_Activity_
Starting with the line that holds "Fadzly Yusof" and stopping after the line that holds "Vaso cerâmica branca Rosto 14x12x19cm BTC", repeat the lines below word for word, without the pictures.

_Provided data_
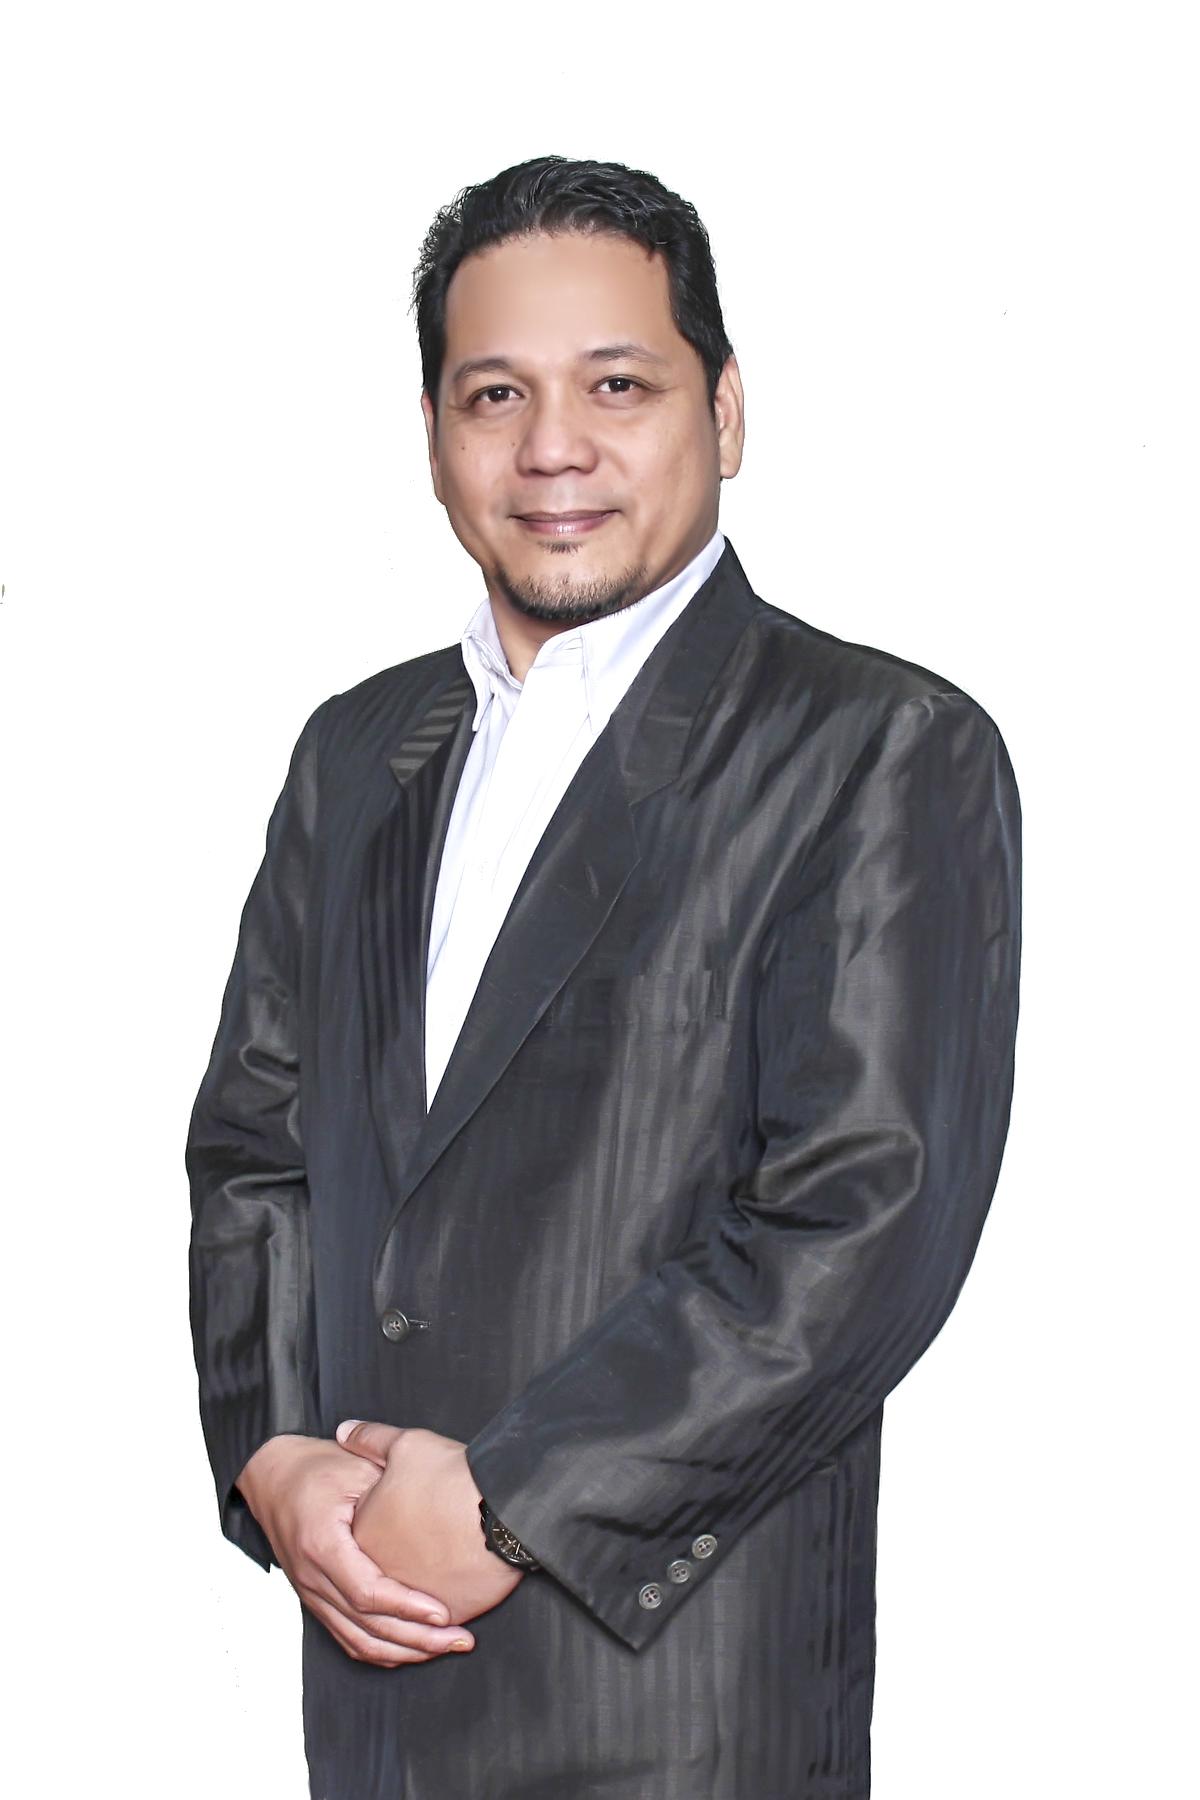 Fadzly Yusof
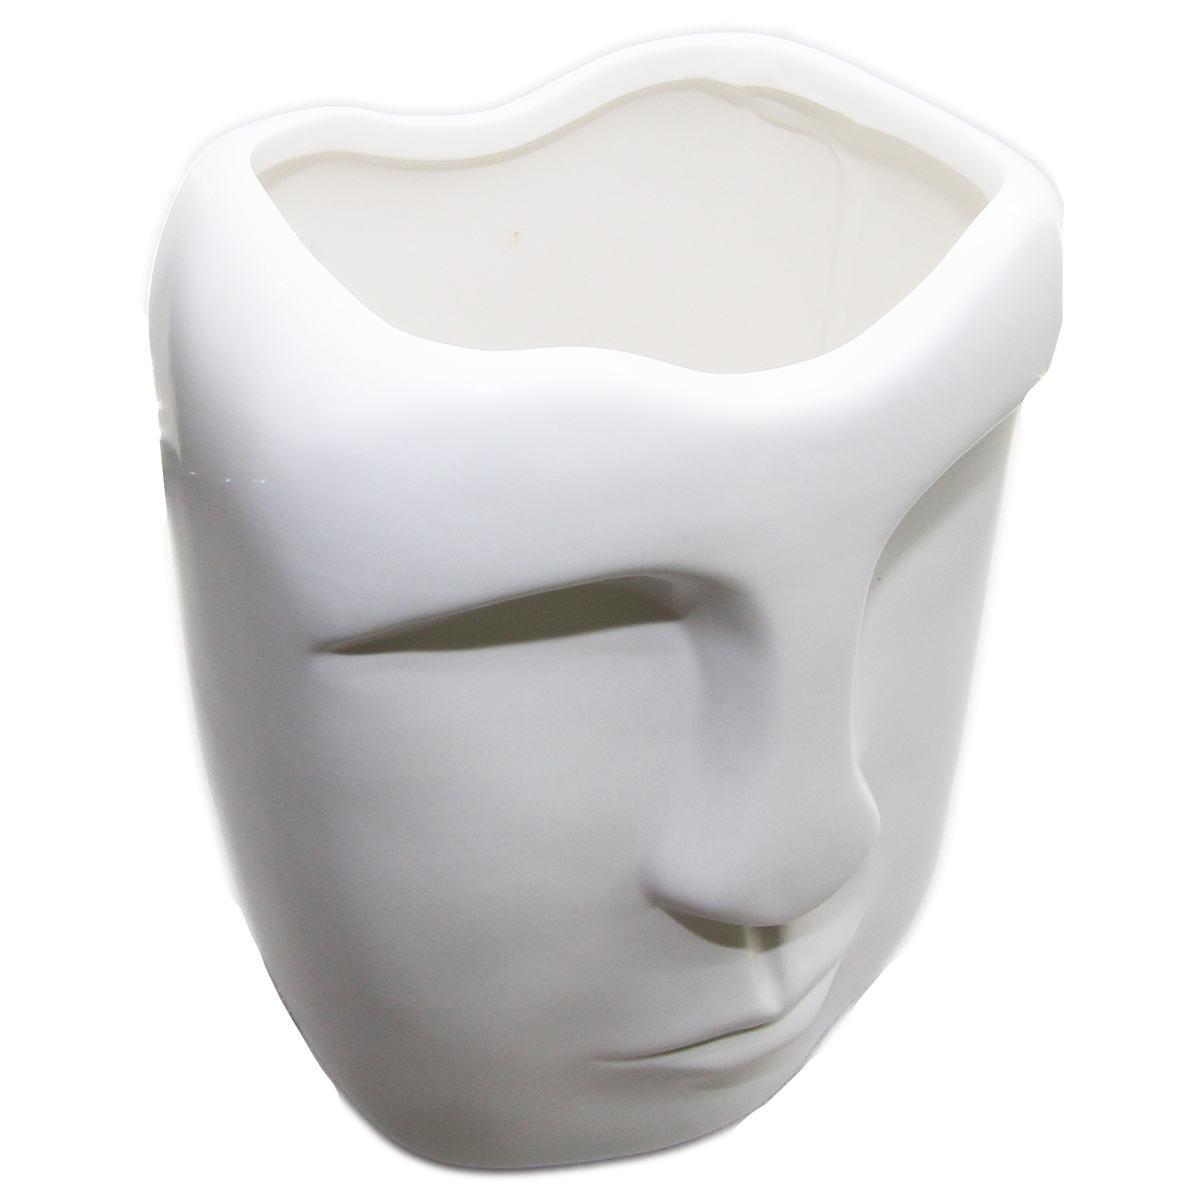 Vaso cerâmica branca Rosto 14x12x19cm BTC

--

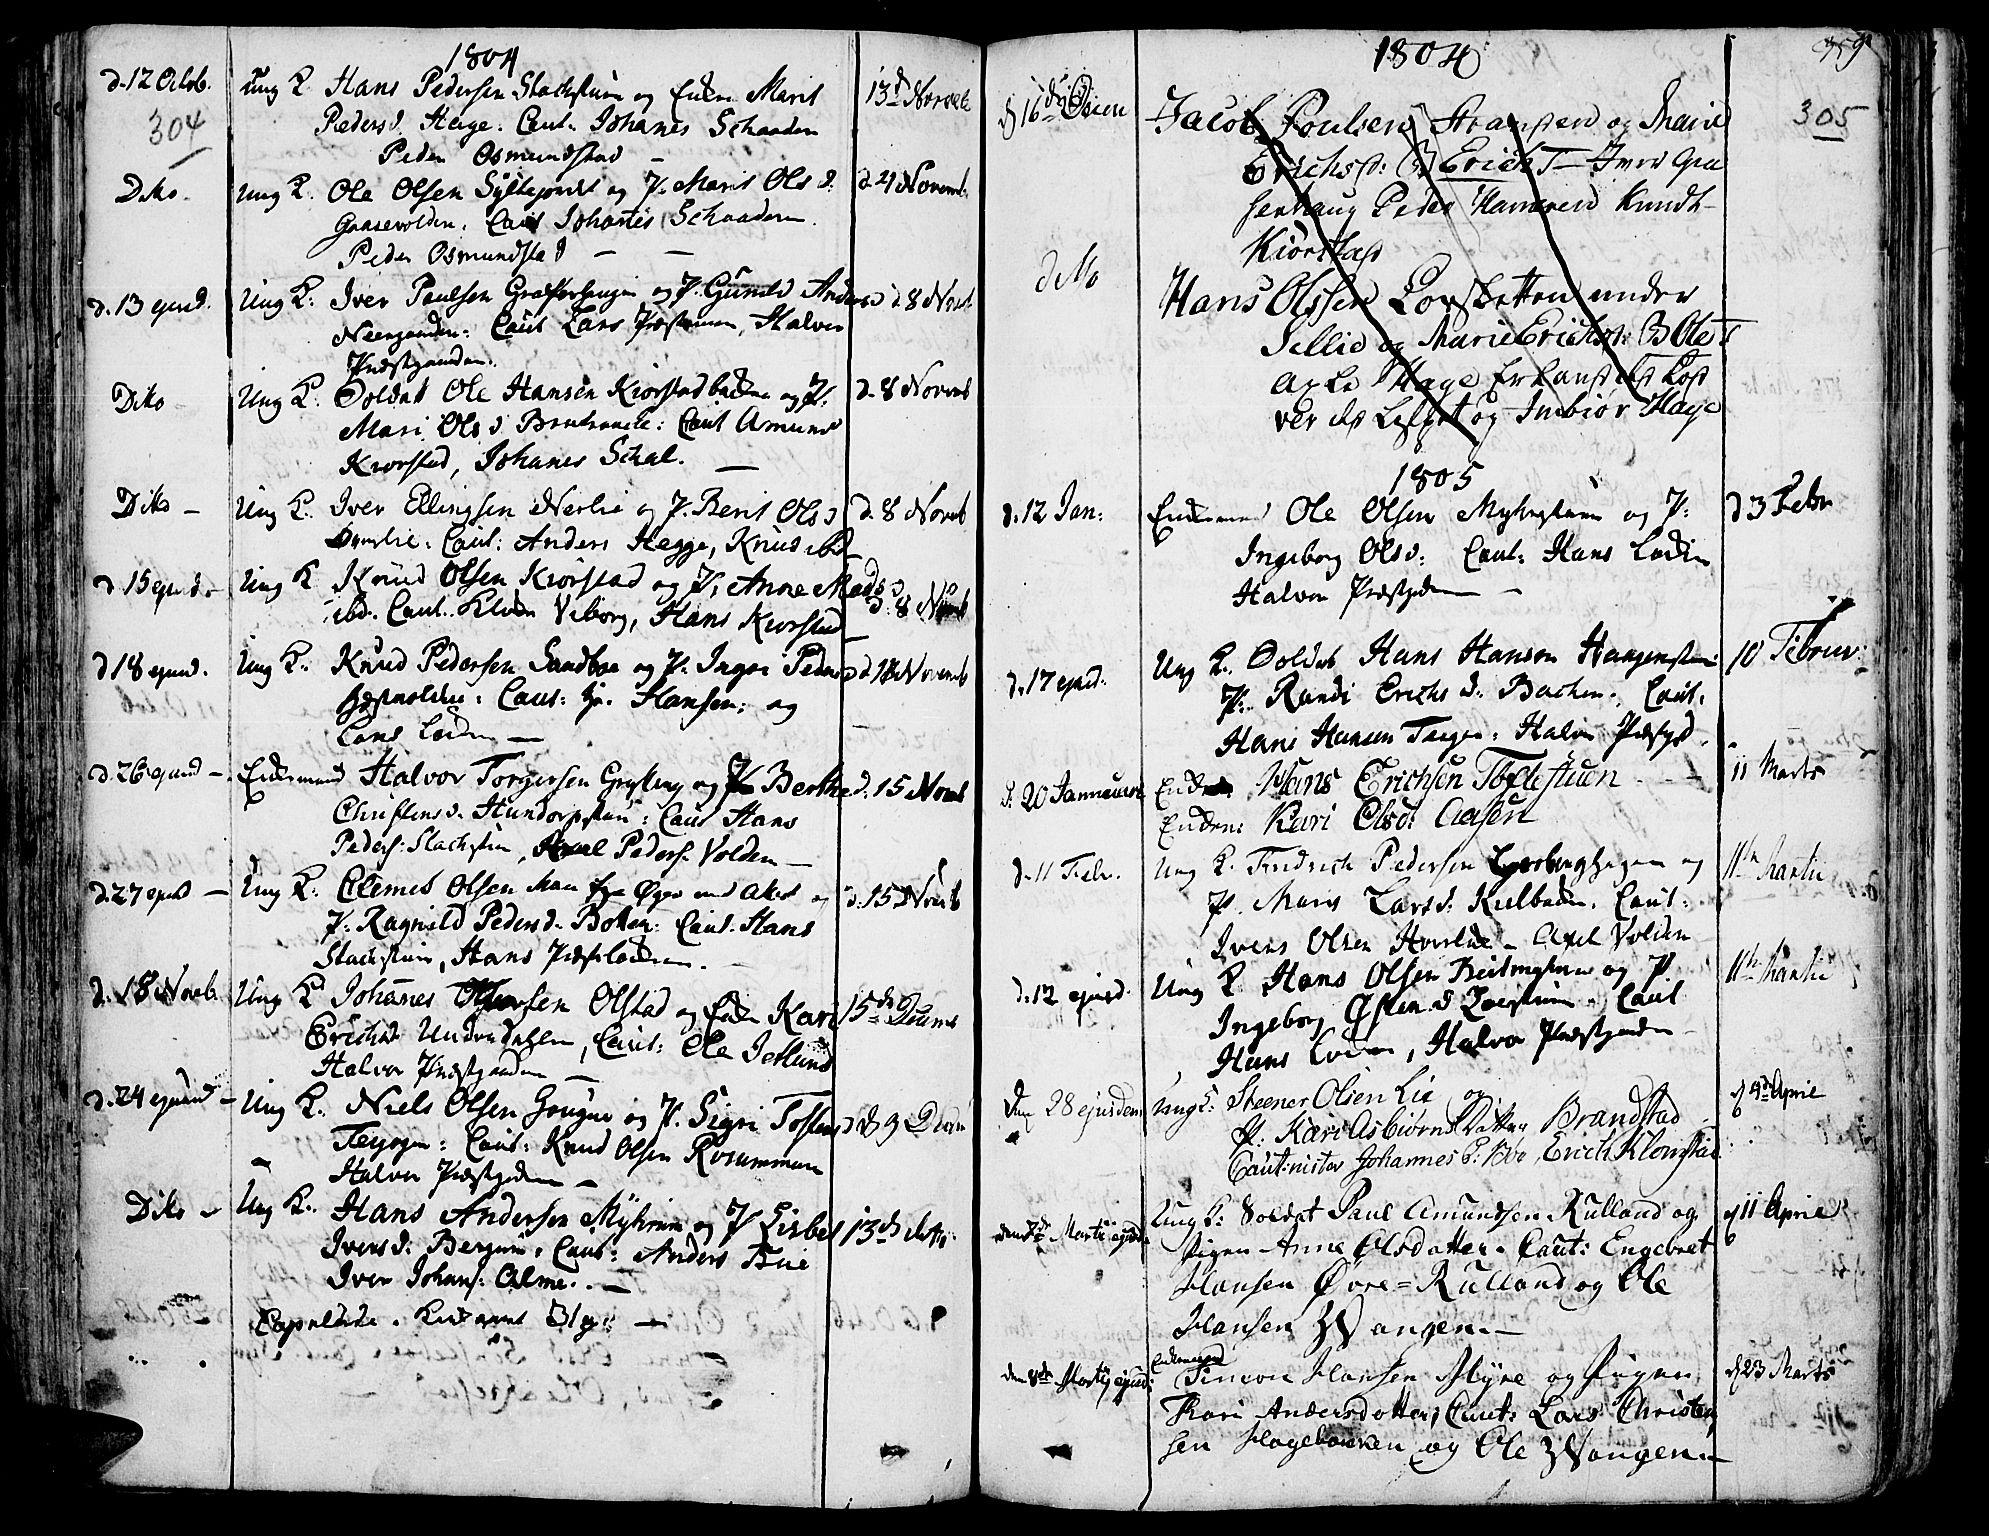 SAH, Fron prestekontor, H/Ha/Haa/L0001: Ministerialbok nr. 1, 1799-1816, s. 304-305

_Answer section_
 Fadzly Yusof
 Vaso cerâmica branca Rosto 14x12x19cm BTC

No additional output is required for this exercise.